Funding a million computers

I’m looking for some loose change. About $100M per year.

A friend asked me what I thought of Obama’s announced plan to free up 500MHz of spectrum, invest in 4G for rural areas, and build out nationwide public safety network. He wrote

Spectrum auctions as public policy tools – deficit reduction and public safety. I always get kind of uneasy when government does this multi-purpose policy stuff. Theoretically, they could hit a homerun and get it all right, but do you really have confidence that they will?

The plan to harvest broadcast spectrum to make more available for fixed and wireless communications is great. You have to stop and consider how wasteful it is for so much spectrum to be reserved for the exclusive use of a minority of TV viewers still accessing over-the-air signals. So we should all endorse the potential for improved utilization of the resource.

But I question: Why is this being tied to other programs, such as rural service expansion? Are there other cost programs that are tied to revenue generators? If the spectrum auction doesn’t generate the target levels, will rural expansion be killed, or will it compete with all other government programs? How do you set up sustainable funding?

In some ways,  the asset sale is being transformed into another durable program, although the government doesn’t own the asset – some lucky winner is chosen to whom we hand over our cash. In a sense, it represents an asset swap, as contrasted with the way some governments using the sale of assets to balance current account deficits. [Apparently, in its zeal to carefully manage the zillions of dollars of our taxes, the government has cut back on hiring a financial advisor to teach the difference between capital and expense, between asset sales and recurring revenues.]

It doesn’t strike me as a way that I would spend my money; I don’t plan to use money from sales of assets to pay current expenses until retirement time.

Let me say that in general, I don’t like rural expansion programs from the government. It means picking winners and subsidizing broadband based on geography, rather than an economic needs test.

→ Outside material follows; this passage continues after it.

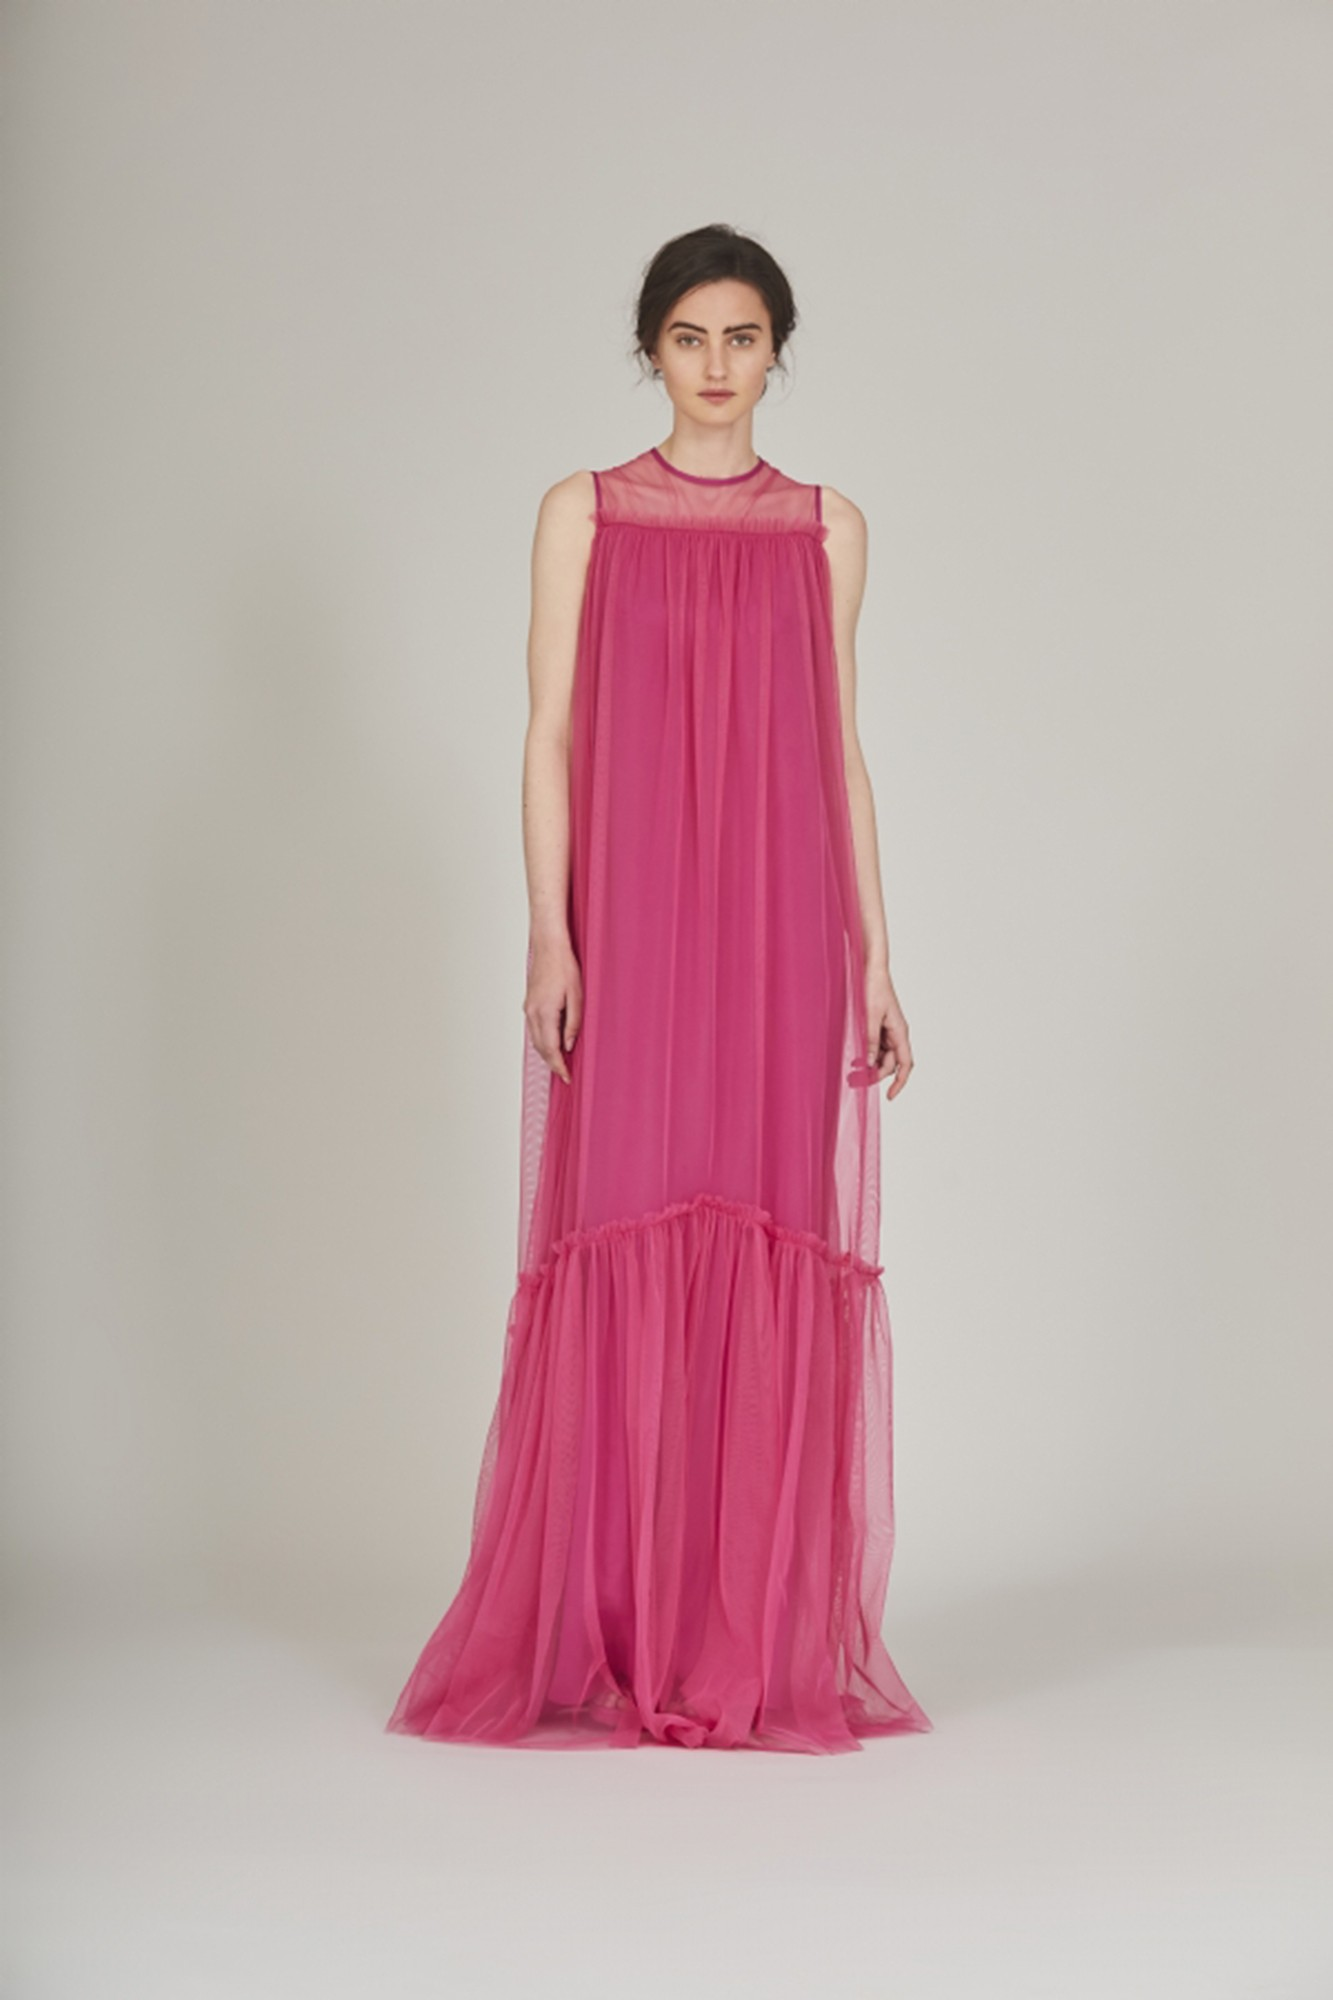 GARBI DRESS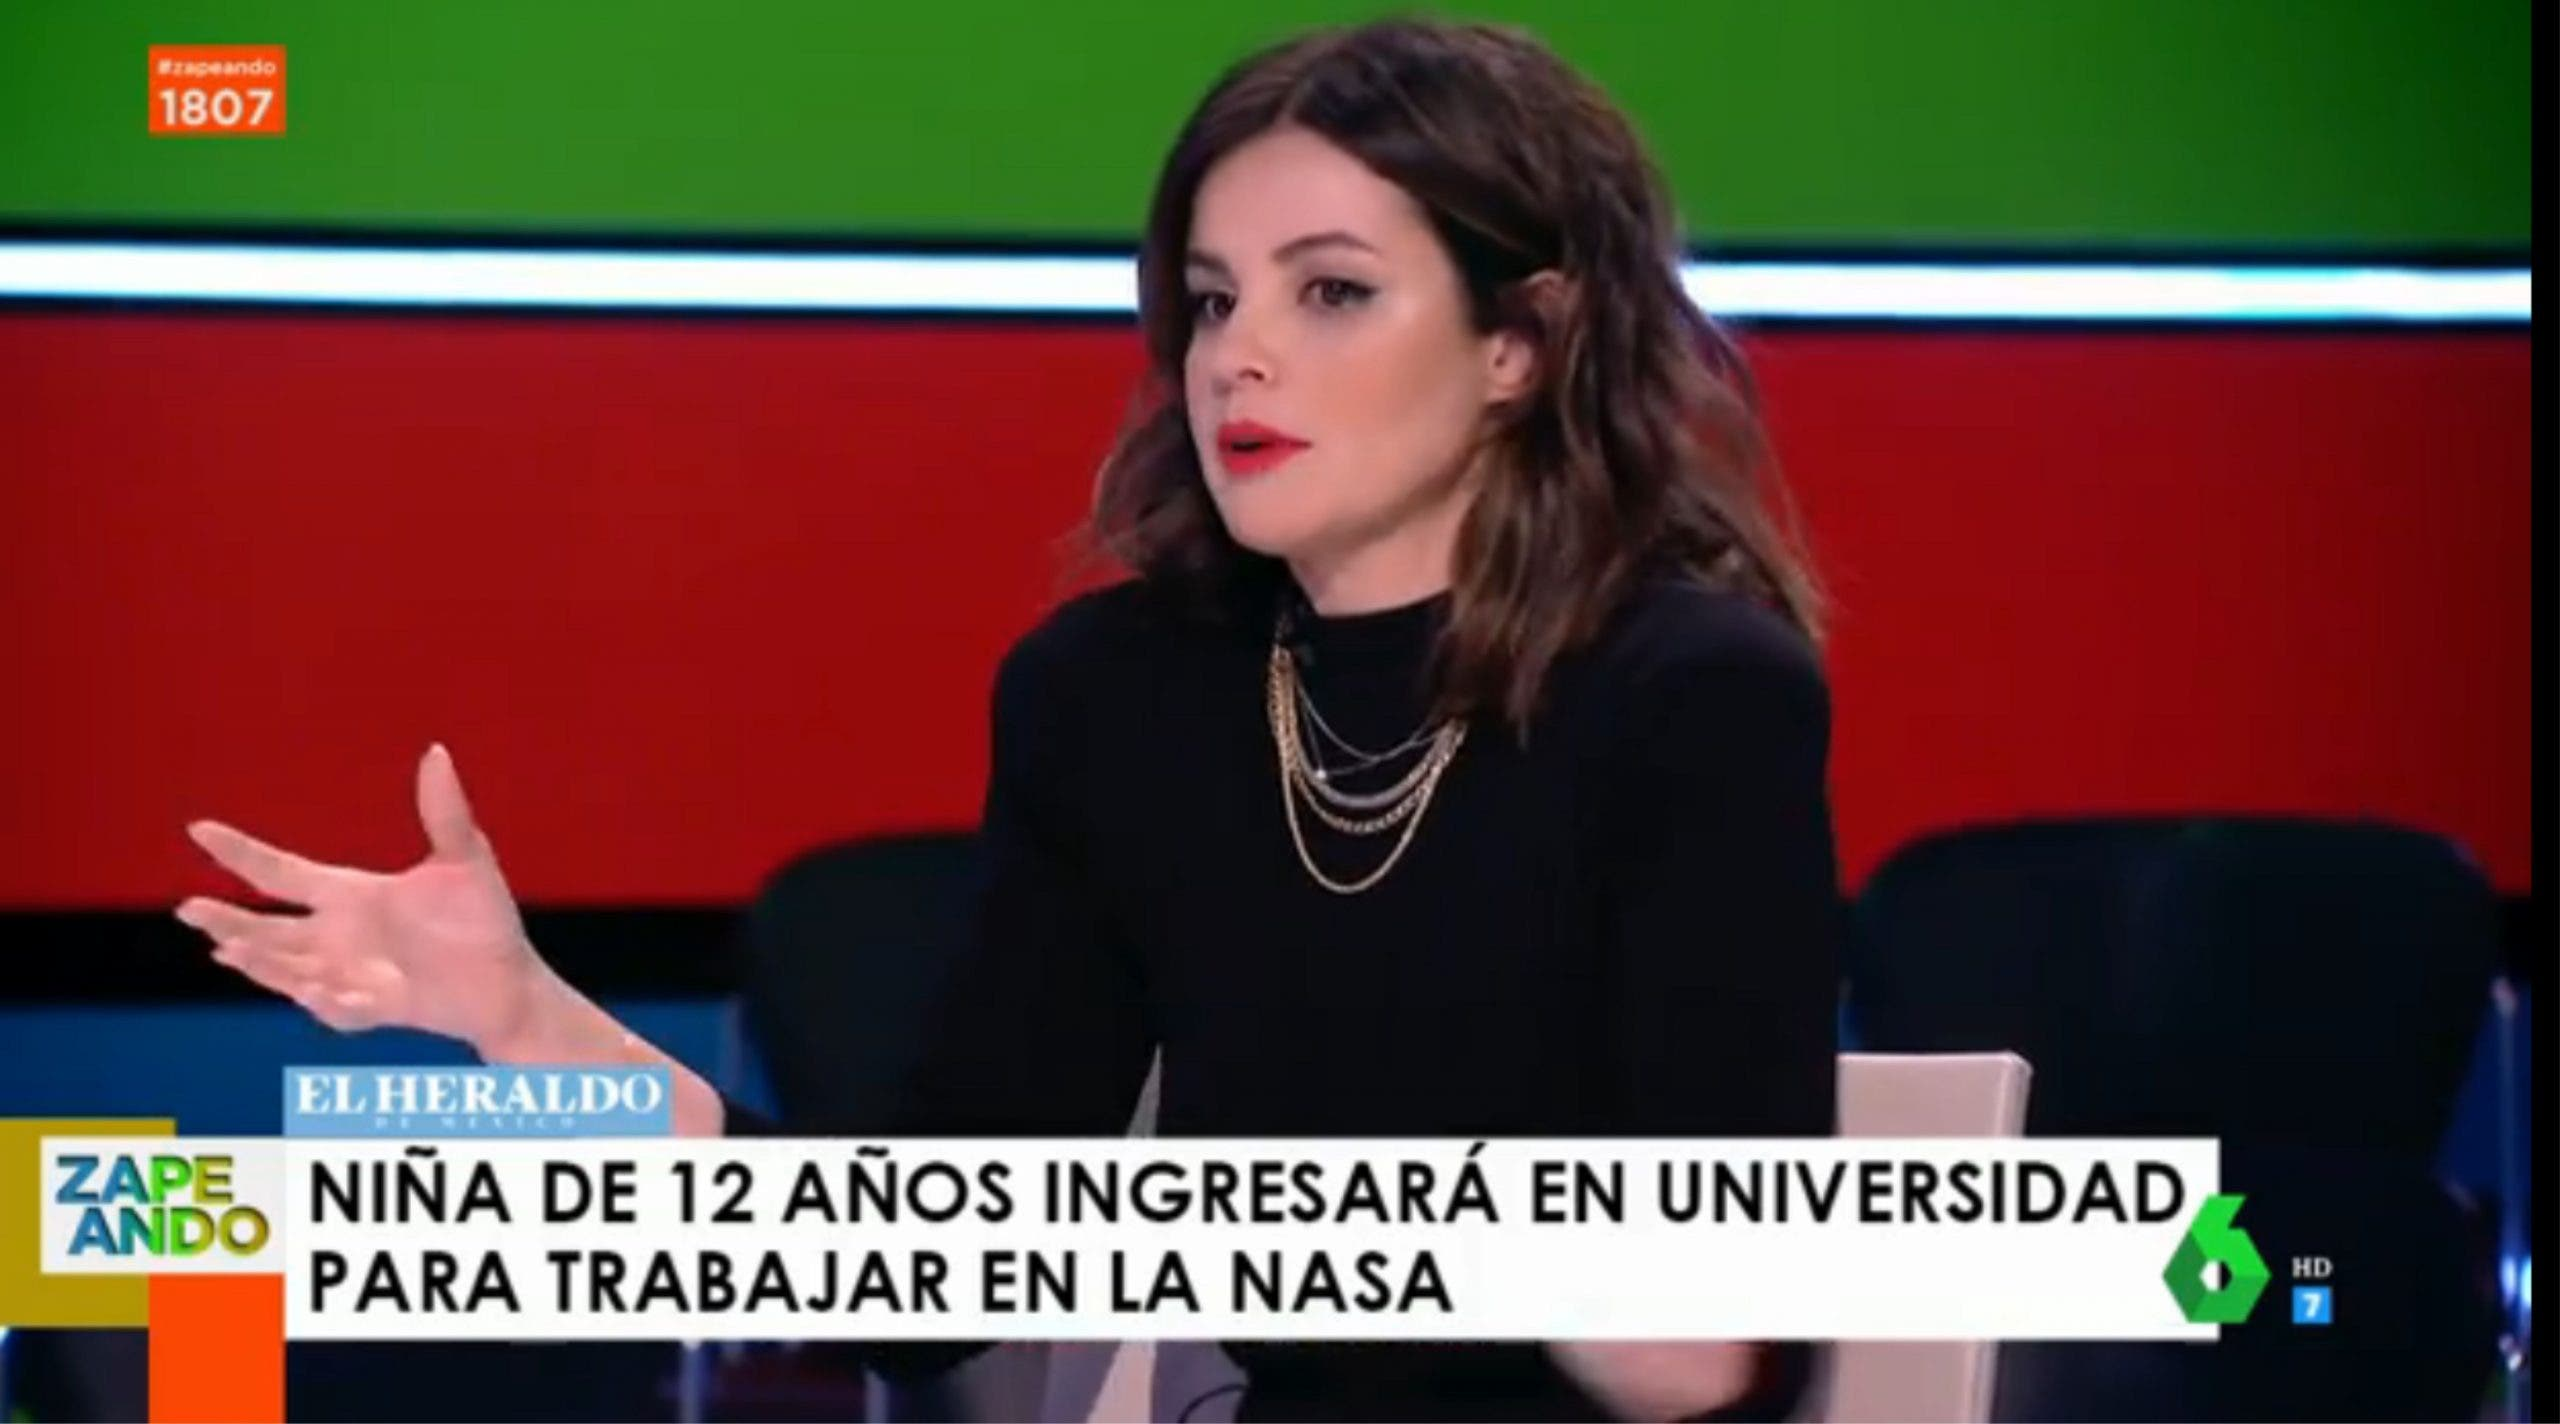 Marta Torné Zapeando

I have shown in earlier posts that we have huge numbers of people in cities who need help with affordability of internet access services as much as, if not more than, middle or upper class rural dwellers – many of whom have access to alternatives.

If some rural and remote dwellers can’t afford to pay what the service needs to be priced at, then isn’t a targeted, needs-based subsidy a better approach, dealing with the broader issue of digital affordability (devices and services)?

Let’s face it, rural infrastructure subsidies are politically appealing because they lead to three distinct photo opportunities for each hand-out: the initial cheque; the construction ground breaking; and finally, the initial service activation. And let’s not forget the reminders that will go into election campaign material from the incumbent.

On the other hand, targetting affordability sprinkles a little bit of money all over the place. There is no great photo opportunity. We have to fix this.

We’re going to auction spectrum in Canada in the next year for a couple important frequency bands. Based on the AWS auction of a few years ago, we could again be looking at raising billions of dollars from the sale of these assets. I’d like to propose a way to use those funds in a meaningful way. Go ahead and take the money raised and apply it to our mortgage – the national debt.

But retiring that amount of debt frees up some interest payment relief – current account savings – in the order of $100 M per year. That would fund a sustainable program to put technology into the hands of economically disadvantaged Canadians. That amount of money each year should fund about a third of my Million Computers, meaning that such a program on a continuous basis should allow for maintenance and technology renewal every 3 years or so.

Taking the cash from the sale of an asset and setting up an endowment is a reasonable approach to money management. Further, it is an indirect and competitively neutral way of returning a kind of stimulus to the communications and technology sector that is funding the spectrum auction, helping to grow the market for services and technology.

Will the proceeds from the next spectrum auction create a sustaining legacy to drive a more digitally connected country?